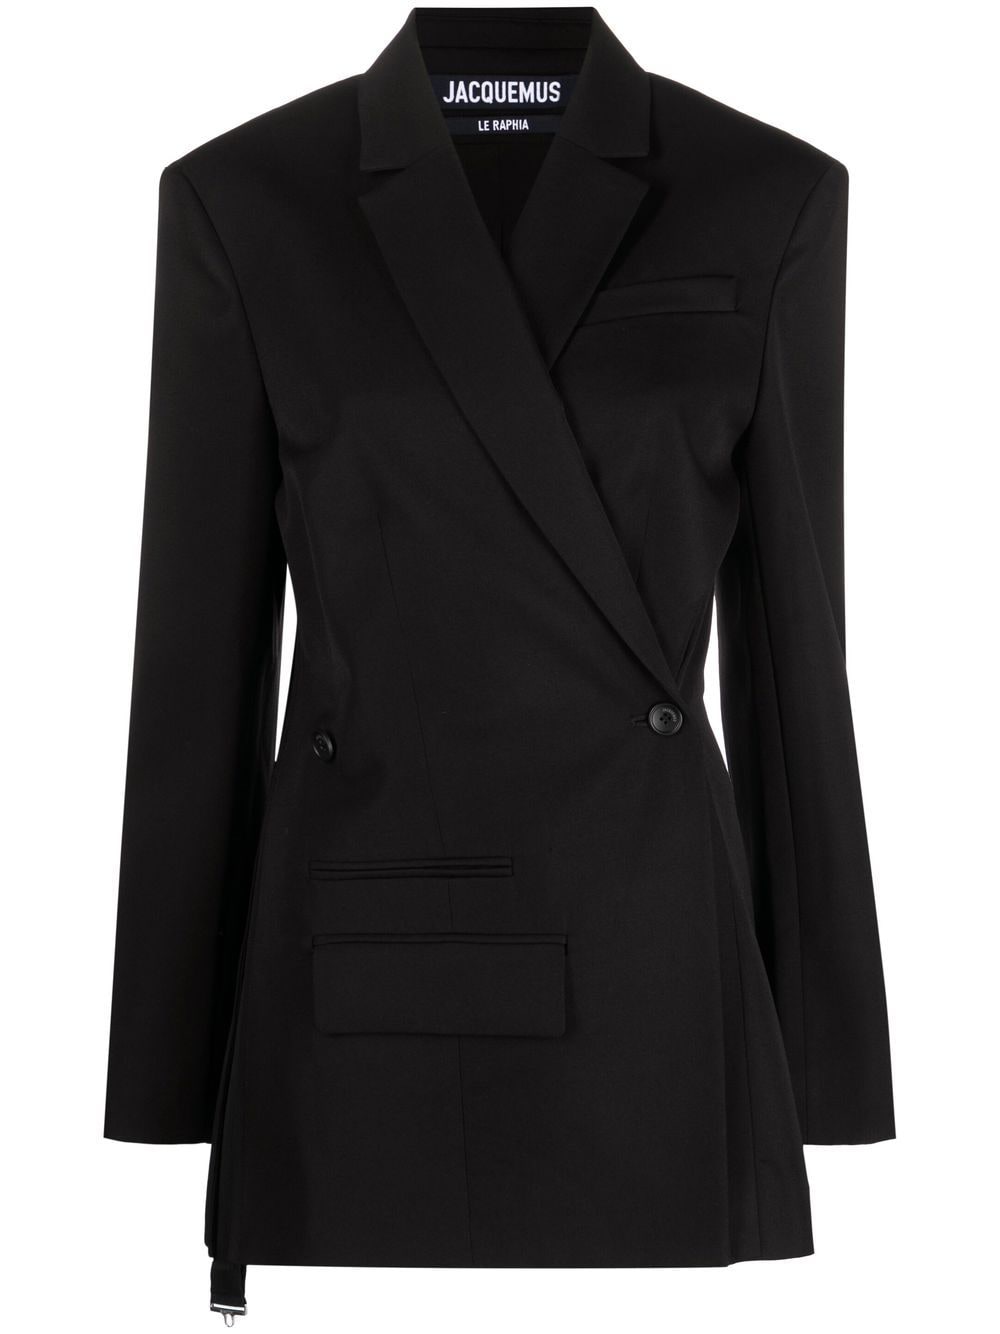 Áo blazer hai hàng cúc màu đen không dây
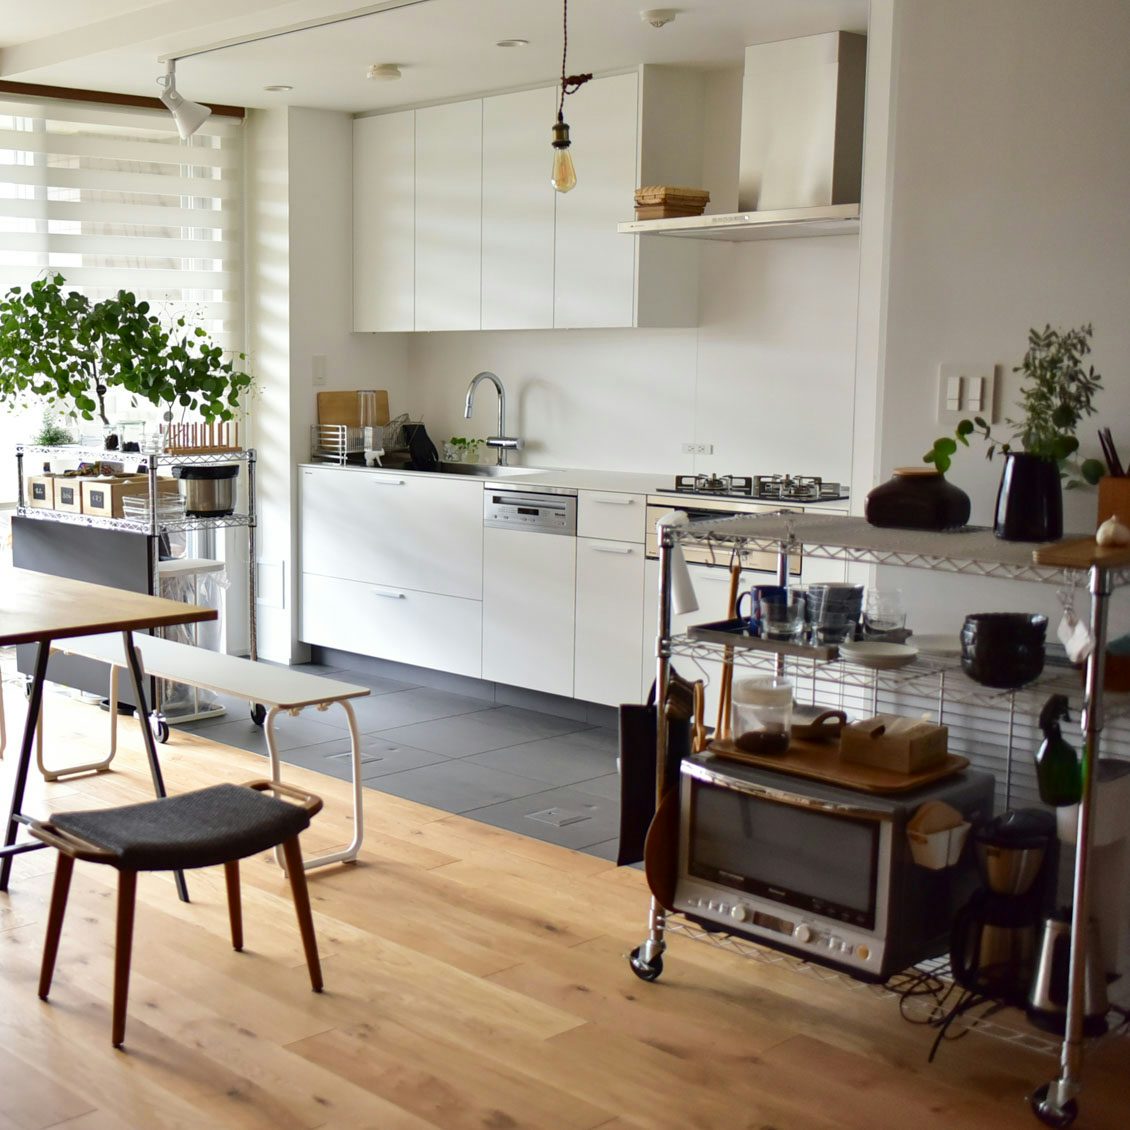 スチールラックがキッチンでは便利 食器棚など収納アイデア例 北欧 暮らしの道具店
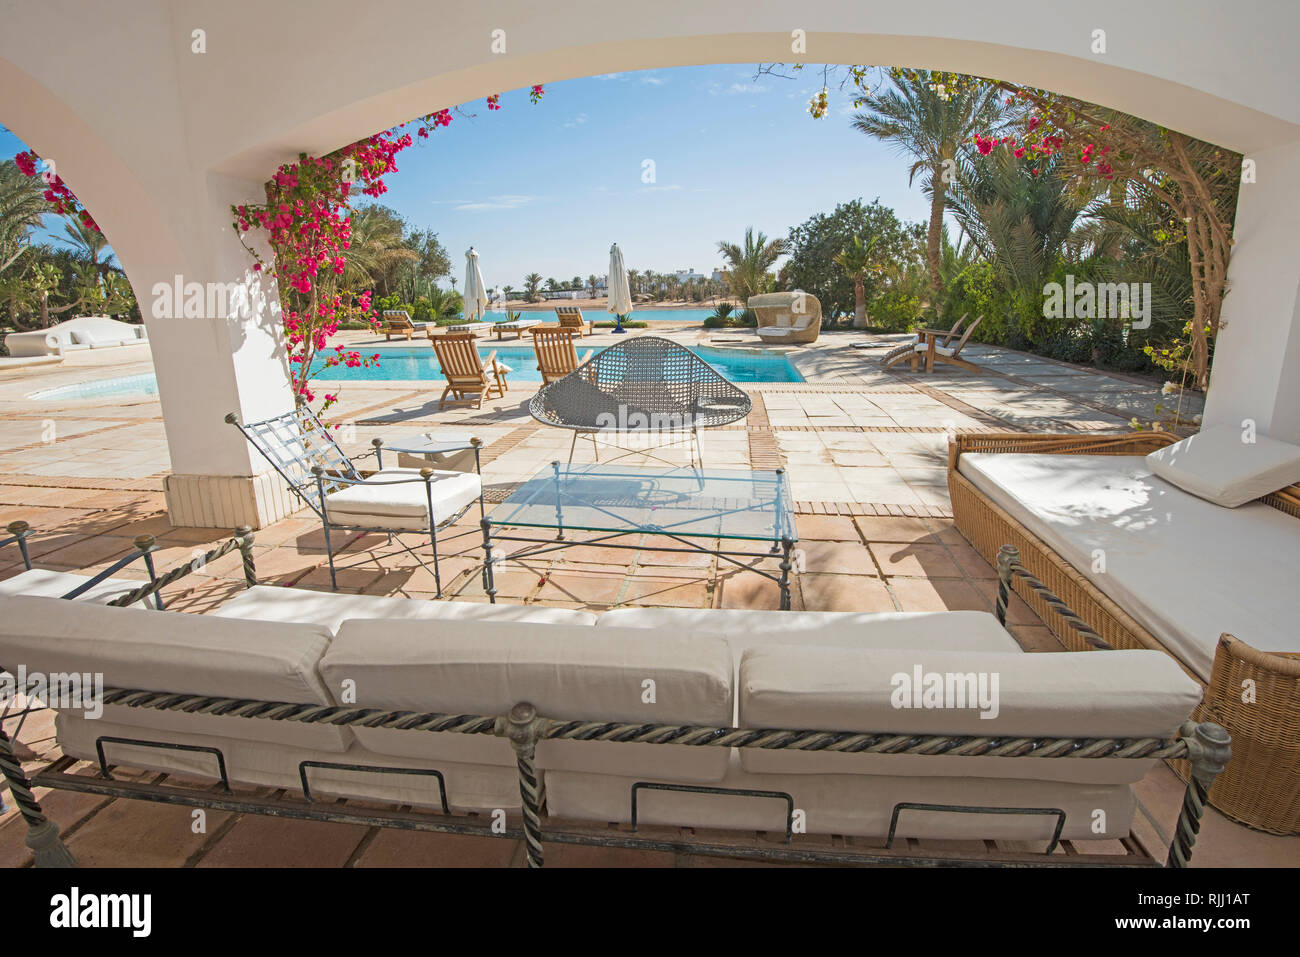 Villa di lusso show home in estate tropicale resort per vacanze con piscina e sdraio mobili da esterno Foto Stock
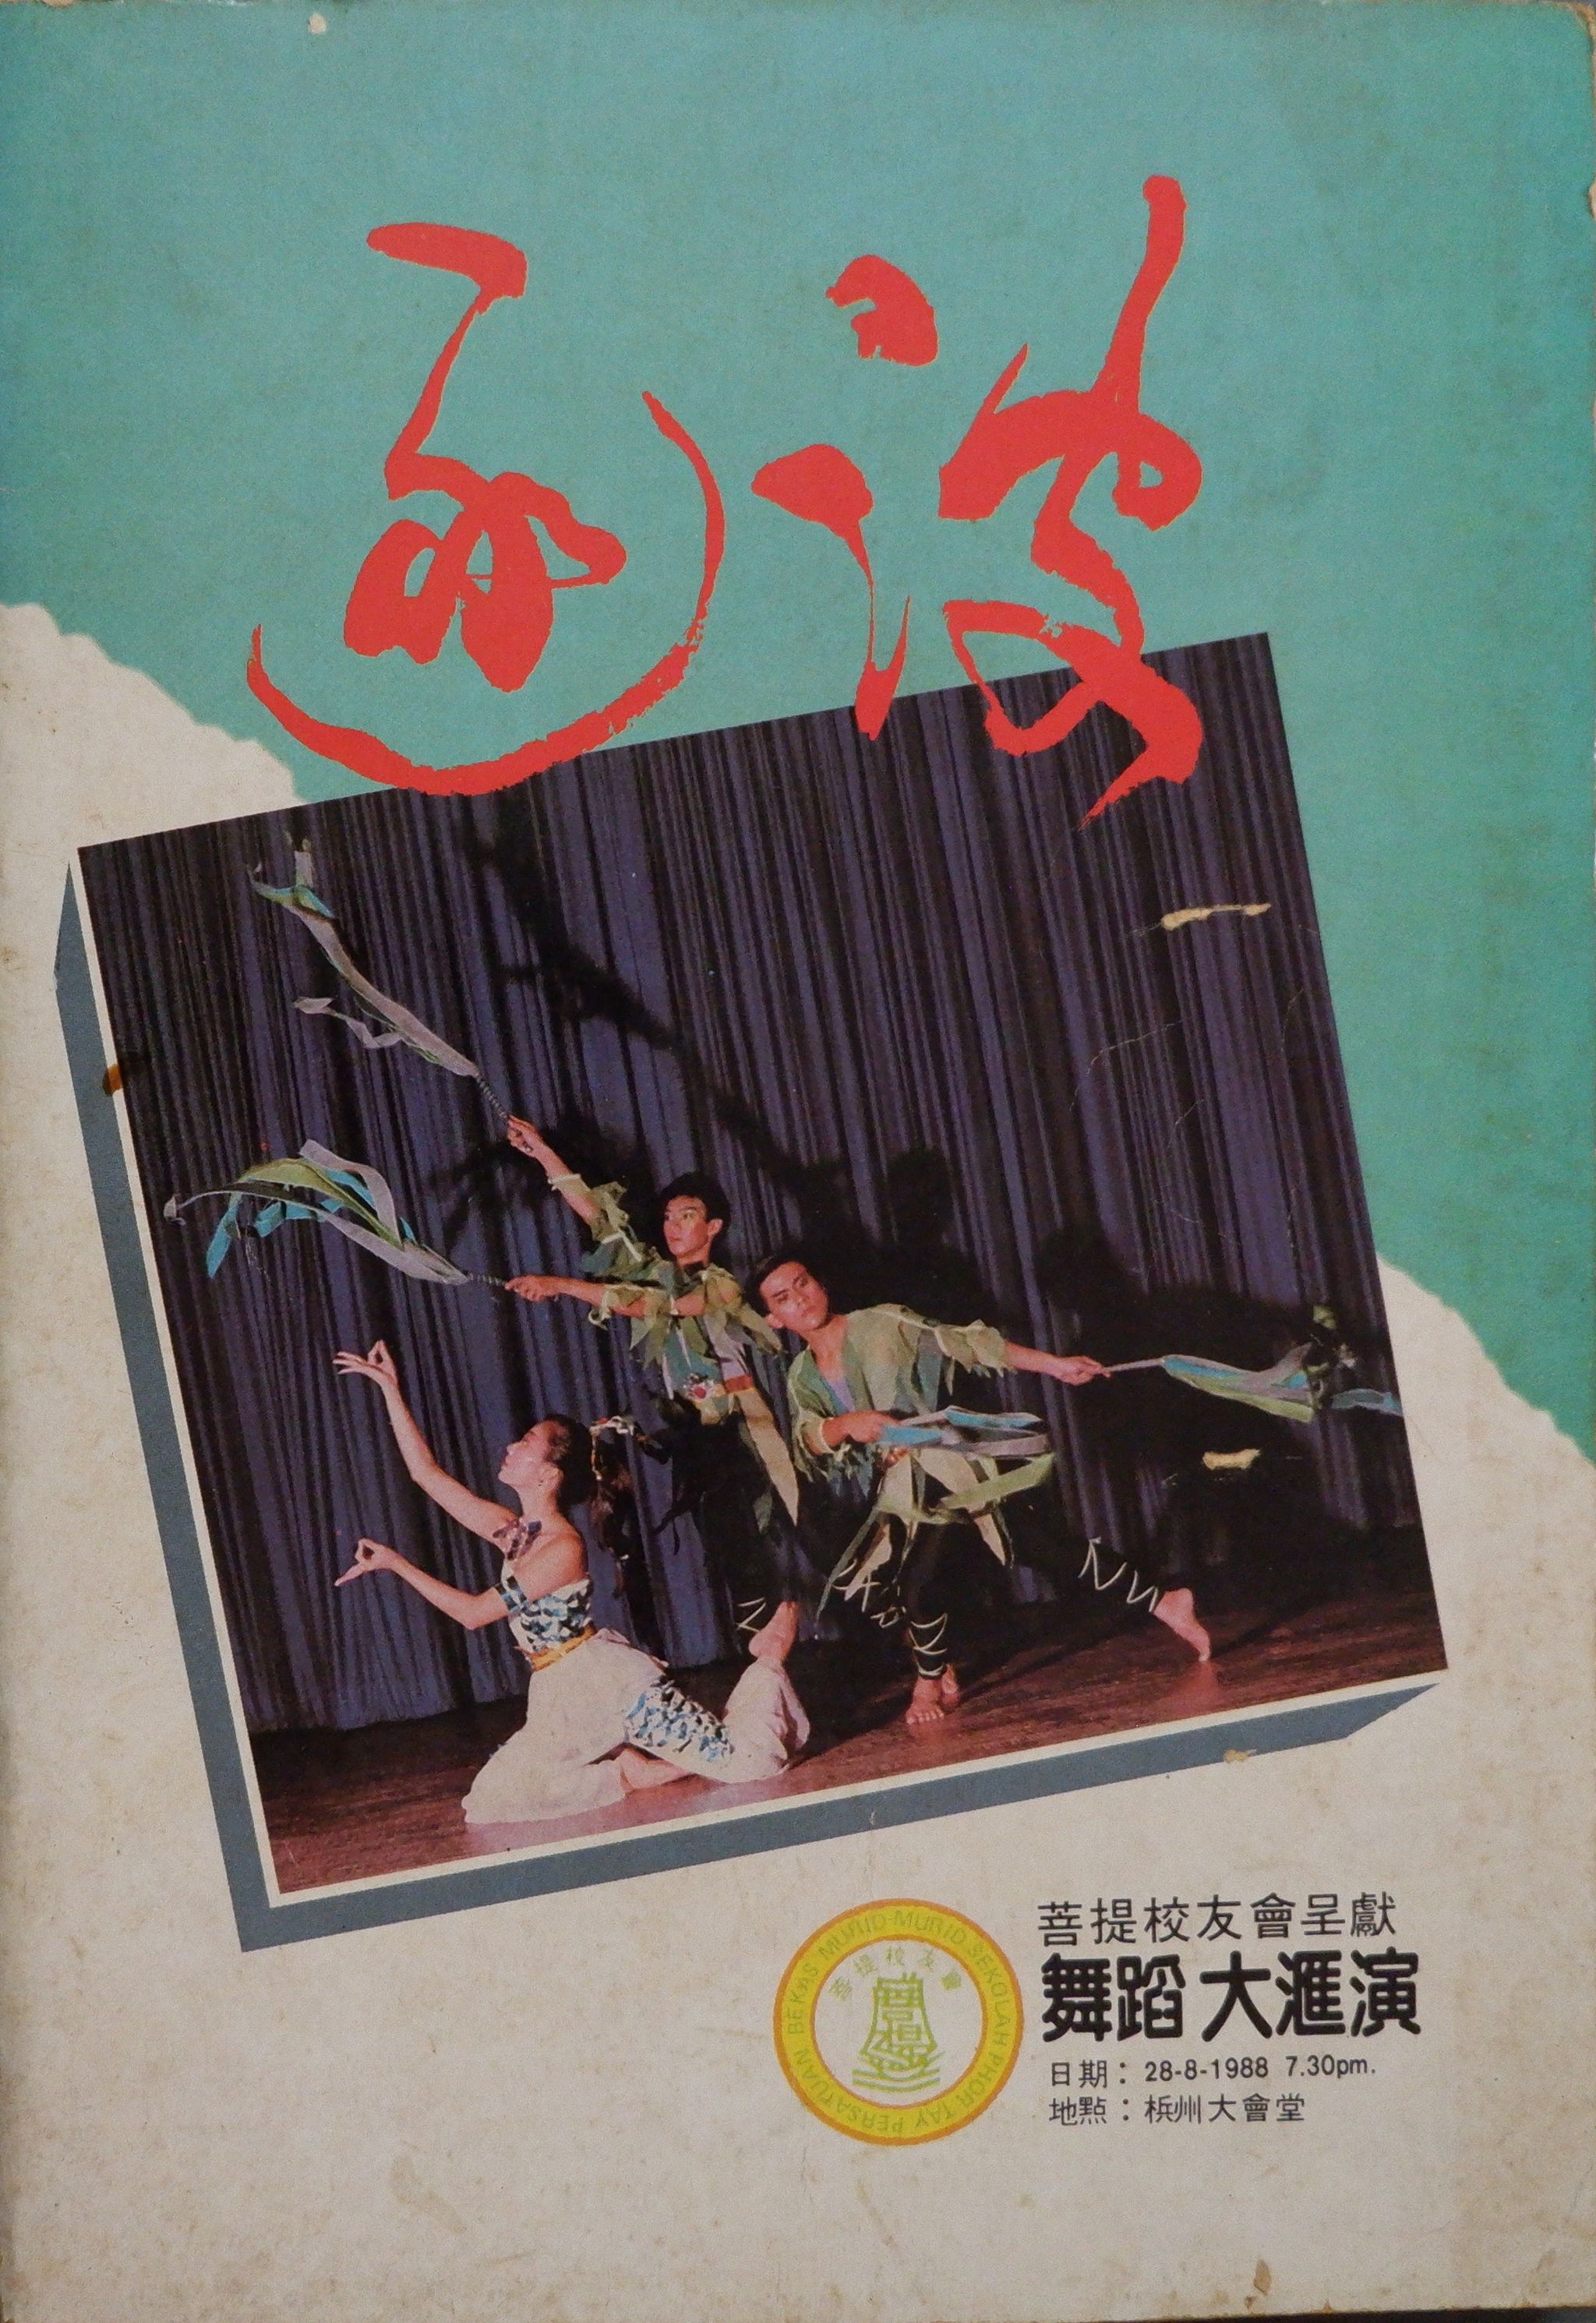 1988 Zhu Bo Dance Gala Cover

**Task goal**
Reproduce the listing word for word, but keep the pictures out of it.

**Written solution**
 Áo blazer hai hàng cúc màu đen không dây
 スチールラックがキッチンでは便利 食器棚など収納アイデア例 北欧 暮らしの道具店
 Villa di lusso show home in estate tropicale resort per vacanze con piscina e sdraio mobili da esterno Foto Stock
 1988 Zhu Bo Dance Gala Cover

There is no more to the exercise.